### Exercise:
The reply must contain exactly the lines below from the one with "Cecil Patrick Healy" down to the one with "Homme sportif avec", both included, and nothing more; please omit the pictures.

### Material shown:
────────────────────────────────────────
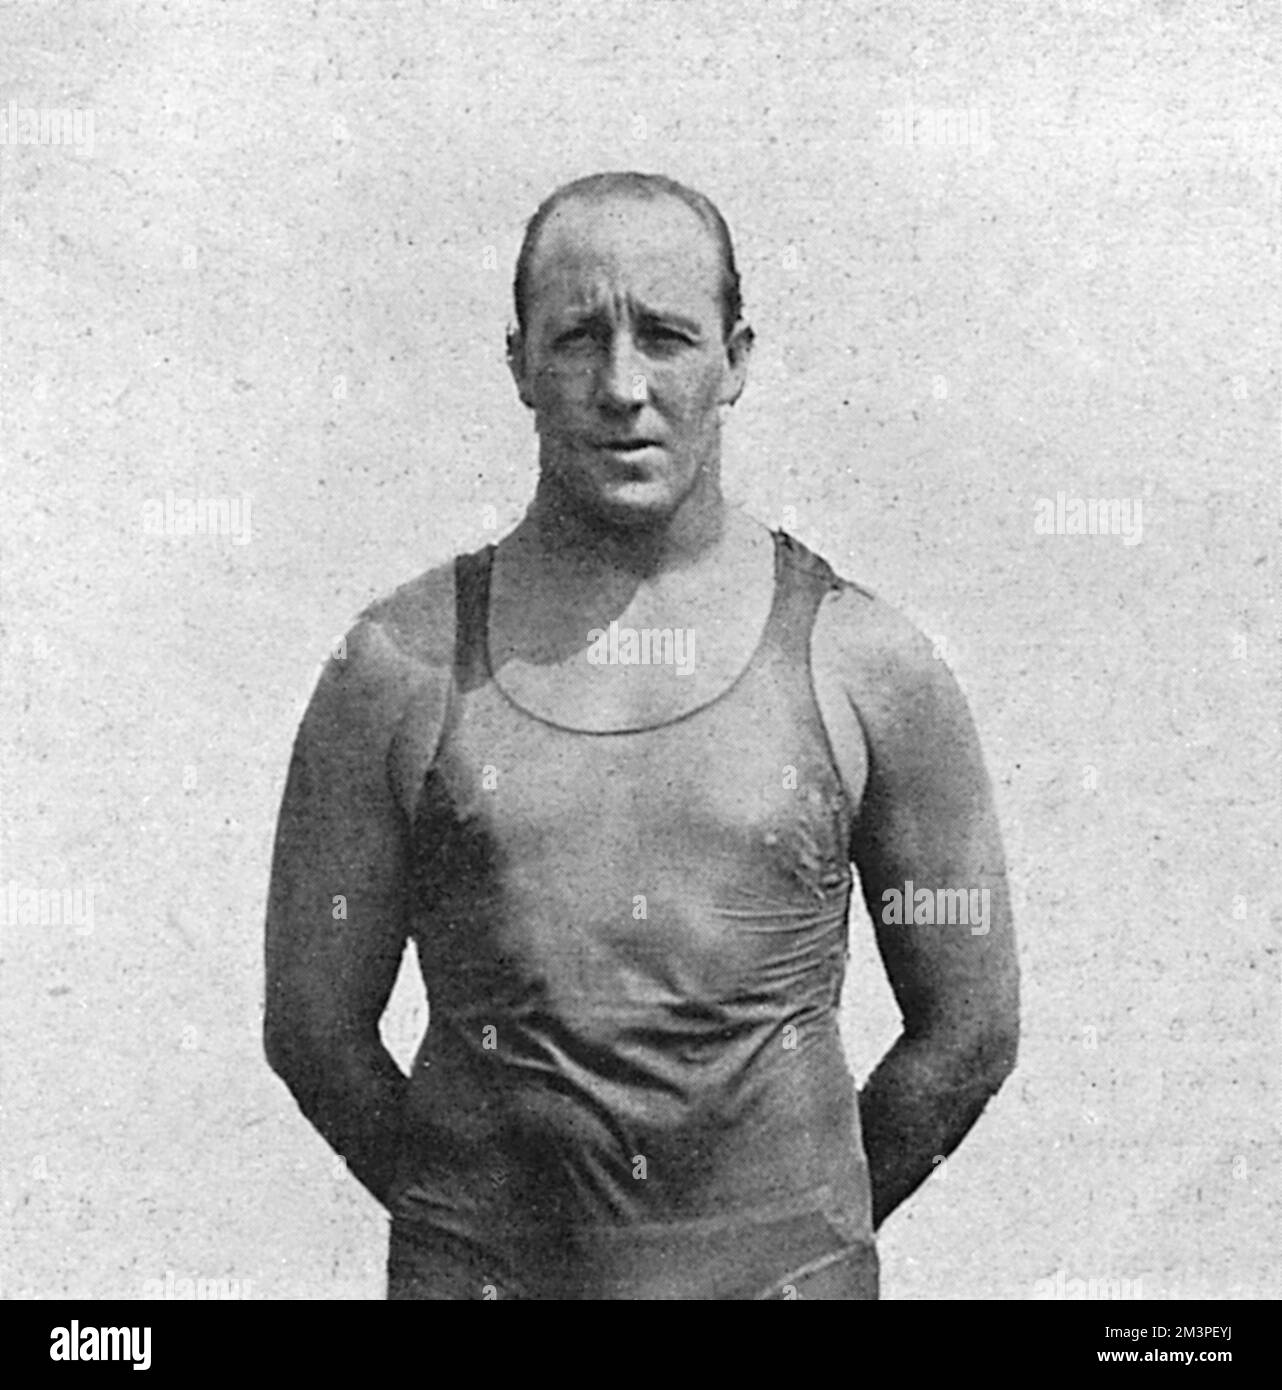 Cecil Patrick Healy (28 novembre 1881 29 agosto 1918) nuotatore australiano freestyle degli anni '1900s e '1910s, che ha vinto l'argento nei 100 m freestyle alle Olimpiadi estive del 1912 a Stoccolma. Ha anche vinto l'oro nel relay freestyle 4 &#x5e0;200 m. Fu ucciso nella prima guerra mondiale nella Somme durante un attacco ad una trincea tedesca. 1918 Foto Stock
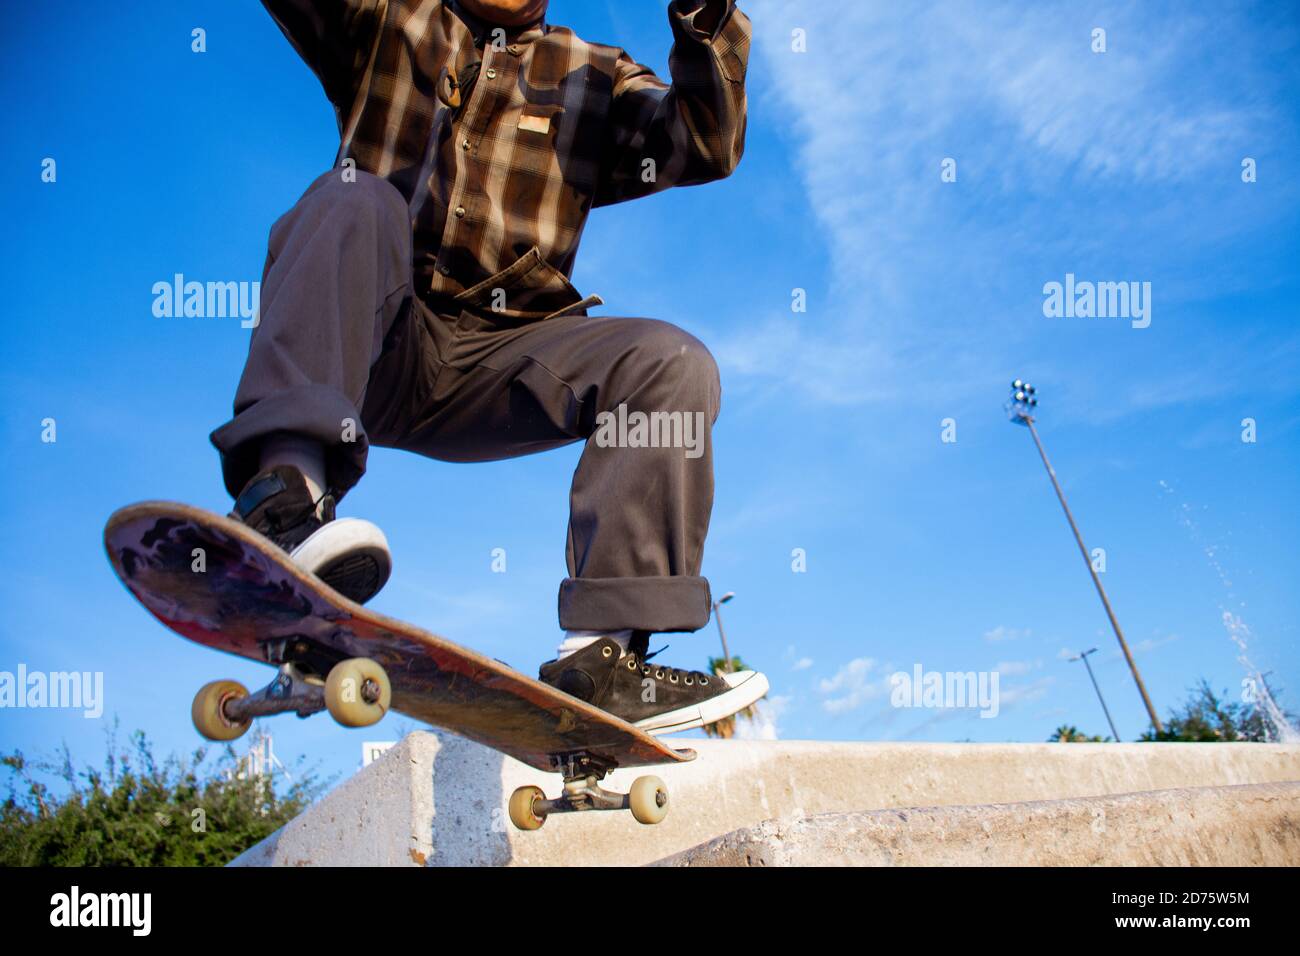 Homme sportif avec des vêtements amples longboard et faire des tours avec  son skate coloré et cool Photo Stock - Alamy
────────────────────────────────────────
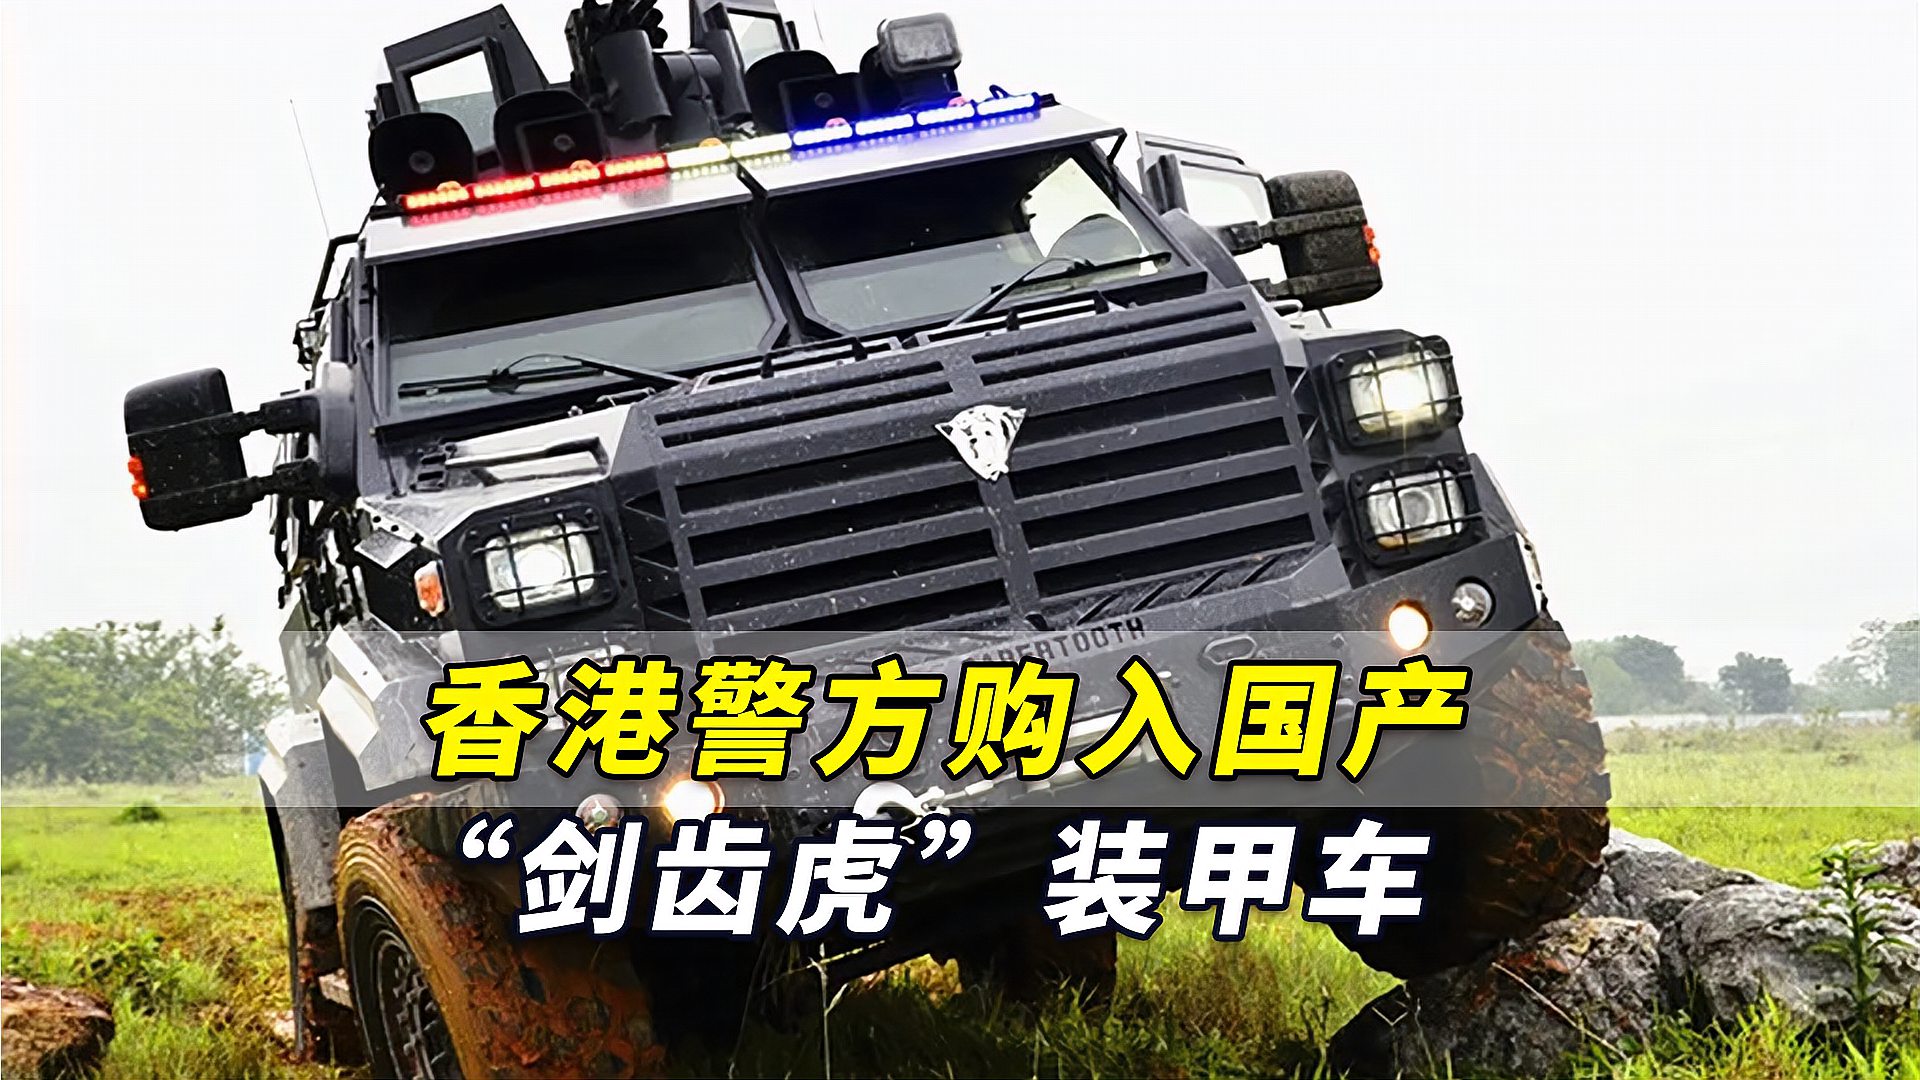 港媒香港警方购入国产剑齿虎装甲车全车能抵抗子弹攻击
────────────────────────────────────────
### Reply:
 Cecil Patrick Healy (28 novembre 1881 29 agosto 1918) nuotatore australiano freestyle degli anni '1900s e '1910s, che ha vinto l'argento nei 100 m freestyle alle Olimpiadi estive del 1912 a Stoccolma. Ha anche vinto l'oro nel relay freestyle 4 &#x5e0;200 m. Fu ucciso nella prima guerra mondiale nella Somme durante un attacco ad una trincea tedesca. 1918 Foto Stock
 Homme sportif avec des vêtements amples longboard et faire des tours avec  son skate coloré et cool Photo Stock - Alamy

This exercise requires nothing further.